Whether they’re served on trays of ice or chargrilled, the shells from the oysters you have for dinner at select New Orleans restaurants may soon end up serving a new role along the Louisiana coast.
This fall, the nonprofit Coalition to Restore Coastal Louisiana is set to begin its Oyster Shell Recycling and Reef Restoration Program to funnel used shells from restaurants to local waterways, where they can help build up new oyster reefs or become material for coastal restoration projects.
“Some restaurants have been recycling (shells) independently for years, but this is the first formal program of its kind in the state to return the shells to the environment where they can be beneficial,” says Hilary Collis, the coalition’s restoration program director.
Shell Oil Co. (Yes, the name is ironic.) is funding the effort with a $1 million grant, and it will begin this fall as a pilot program involving two New Orleans restaurants: Drago’s Seafood Restaurant and Acme Oyster House. The restaurants will collect their used shells, which will be transported to a stockpile area in Plaquemines Parish to be “cured” through sun exposure and readied for eventual distribution back into the water.
Oyster shells make ideal material for maintaining and expanding oyster beds, Collis says.
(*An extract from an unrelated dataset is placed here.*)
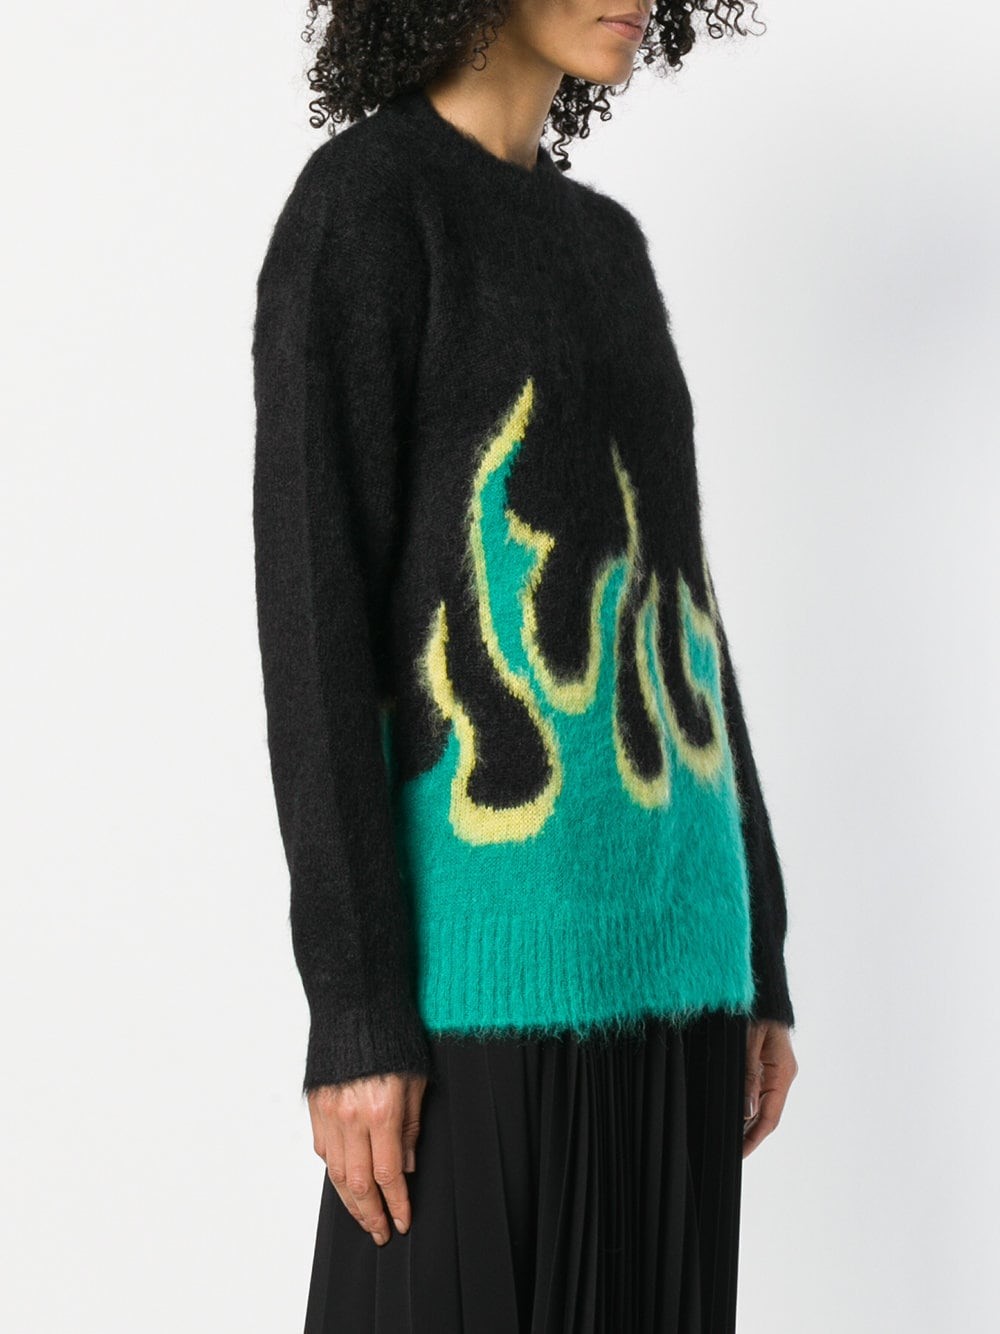 prada FLAME PRINT JUMPER available on

That is good for oyster harvesters, and also for the coast, since healthy oyster reefs can help purify water and reduce the impact of storms.
Similar programs are commonplace in other states but have been lacking in Louisiana, which leads the nation in oyster production and is responsible for consuming quite a lot of them, too.
“Since Louisiana provides one-third of the nation’s oysters, it’s good to see that we’re finally starting a recycling program,” Collis says. “Everyone has wanted something like this to happen here, but it needed the impetus to really get it going and the new funding provided that spark.”
While the program is starting relatively small, Collis believes it has the potential to grow across Louisiana.
“The outpouring of support and interest from the restaurant community has been huge,” she says. “The restaurateurs realize that without a healthy coastline and without our oyster reefs a lot of what we have here just won’t be sustainable.”